Squid can certainly still support NTLM. But if possible going to just
Negotiate/Kerberos auth would be a simpler config.
The /usr/bin/ntlm_auth authenticator you have been using is provided by
Samba. So you will need to have Samba installed (yum install samba) and
configured the same (or equivalent for its upgrade) as before Squid
authentication is usable.
FYI; Modern Squid start helpers only as-needed. Meaning Squid will
startup and run fine without a working auth helper ... until the point
where a helper lookup is needed. So you can test Squid with some trivial
requests before needing Samba fully working.
--------------------------------------------------------------
Current squid.conf file Output:
max_filedesc 4096
I advise changing this to at least:
max_filedescriptors 65536
Why? Modern web pages can cause clients to open up to a hundred
connections to various servers to display a single web page. Each client
of those connection consumes 3-4 file descriptors.
You will also need to check the OS limitation to ensure
cache_mgr itadmin@...
cache_effective_user squid
cache_effective_group squid
coredump_dir /opt/squid/var
pid_filename /var/run/squid.pid
shutdown_lifetime 5 seconds
error_directory /usr/local/share/squid/errors/English_CUSTOM
Check what customizations have been done to the files inside that directory.

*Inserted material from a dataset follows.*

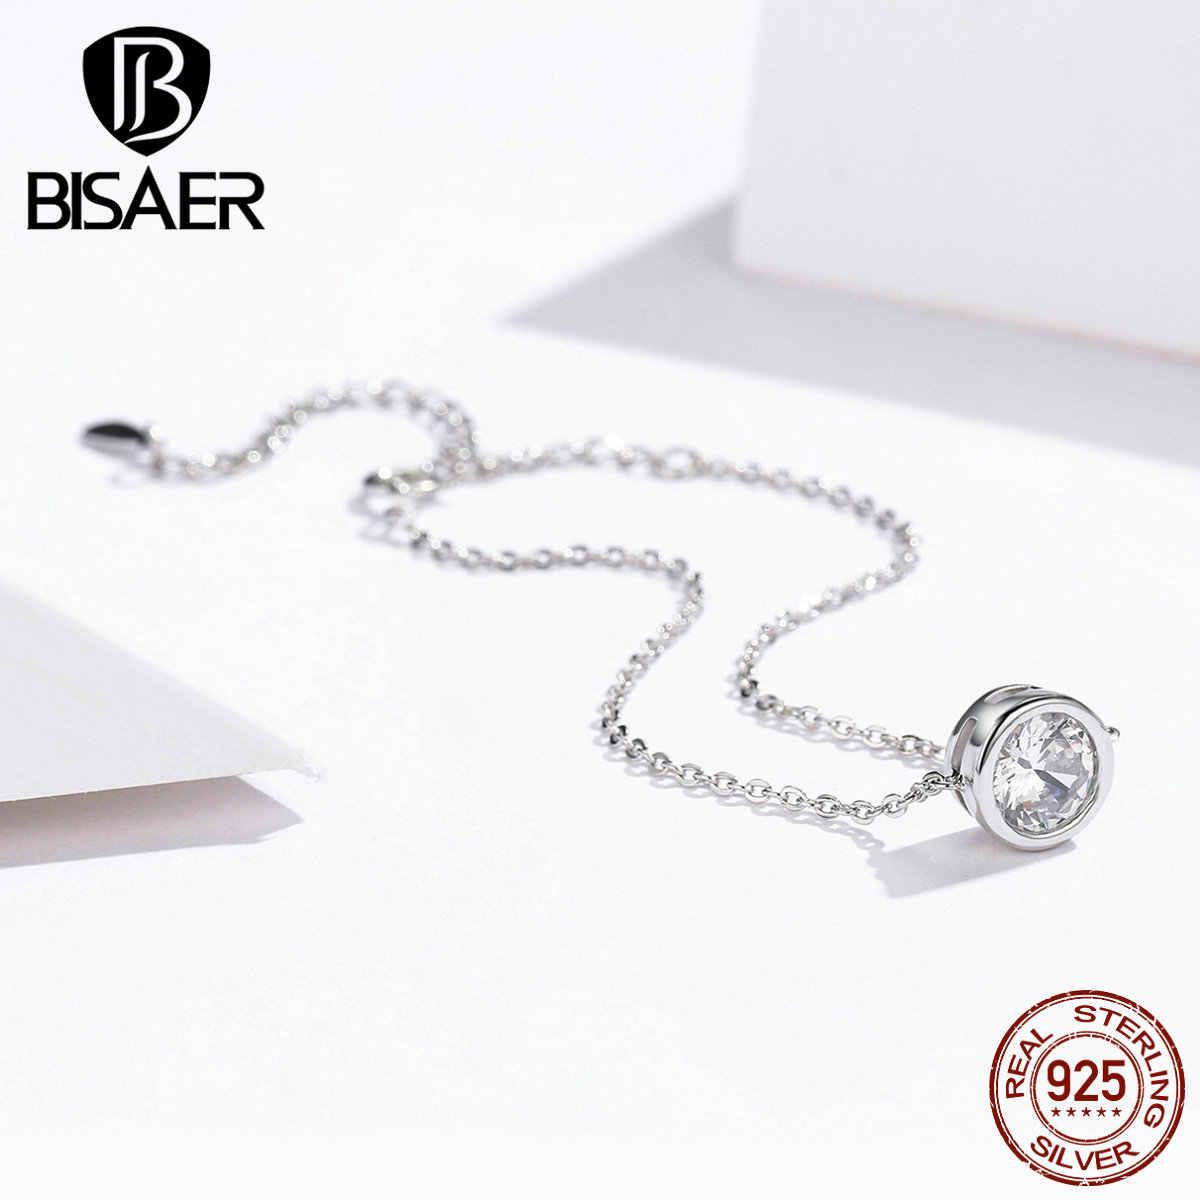 Bisaer pulseiras de prata, pulseiras de prata esterlina 925, círculo redondo, corrente feminina, bracelete de lagosta, joia de prata esterlina ecb157

If it is just the new templates for the deny_info lines later in your
config; then you can copy those templates to the new machine.
And create symlnks from the
I suggest placing the custom error templates in a directory such as
/etc/squid/errors/ and a symlink from the
/usr/local/share/squid/errors/templates/ directory (or wherever the
templates are put by yum install).
[ This way upgrades that change the default templates will not erase
your ones. At worst you should only have to re-create the symlinks
manually. ]
(If you need it; to learn how to create symlinks type "man ln".)
logfile_rotate 0
debug_options ALL,1
You can remove the above line. It is a default setting.
buffered_logs on > cache_log /var/log/squid/general> cache_access_log /var/log/squid/access
The above two lines should be more like:
cache_log /var/log/squid/cache.log
access_log daemon:/var/log/squid/access.log
cache_store_log none
log_mime_hdrs off
The above two lines can be removed. They are default settings.
log_fqdn off
Remove this line. It is not supported in modern Squid.
strip_query_terms off
http_port 10.46.11.20:8080
http_port 127.0.0.1:3128
icp_port 0
The above line can be removed. It is a default setting.
forwarded_for off
Change that "off" to;
* "delete" for complete removal of the header), or
* "transparent" for Squid to not add the header.
ftp_user anonftpuser@...
ftp_list_width 32
ftp_passive on
connect_timeout 30 seconds
peer_connect_timeout 20 seconds
read_timeout 2 minutes
request_timeout 2 minutes
persistent_request_timeout 30 seconds
cache_dir ufs /var/cache/squid/ufs/squid 16000 64 64
cache_replacement_policy heap LFUDA
memory_replacement_policy lru
cache_mem 200 MB
maximum_object_size 32 MB
maximum_object_size_in_memory 128 KB
quick_abort_min 16 KB
quick_abort_max 1 MB
quick_abort_pct 90
range_offset_limit 64 KB
acl no_cache_url url_regex -i "/etc/squid/no_cache_url"
cache deny no_cache_url
Modern Squid define a set of "refresh_pattern" to fixup messages
cacheability inline with HTTP/1.1 caching requirements.
Please add these lines:
refresh_pattern ^ftp: 1440 20% 10080
refresh_pattern ^gopher: 1440 0% 1440
refresh_pattern -i (/cgi-bin/|\?) 0 0% 0
refresh_pattern . 0 20% 4320
acl blows_chunks dstdomain .blr.com
header_access Accept-Encoding deny blows_chunks
This is something to look into. Be aware of how exactly that server is
broken when it receives "Accept-Encoding" headers.
The old Squid only supported HTTP/1.0. Your new Squid supports HTTP/1.1
which may work better with whatever that server was doing to be
considered bad.
auth_param ntlm program /usr/bin/ntlm_auth --helper-protocol=squid-2.5-ntlmssp
auth_param ntlm children 30
auth_param ntlm keep_alive on
auth_param basic program /usr/bin/ntlm_auth --helper-protocol=squid-2.5-basic
auth_param basic children 5
auth_param basic realm "..."
auth_param basic credentialsttl 2 hours
acl authenticated proxy_auth REQUIRED
acl all src 0.0.0.0/0.0.0.0
Remove the above line. The "all" ACL is now built-in.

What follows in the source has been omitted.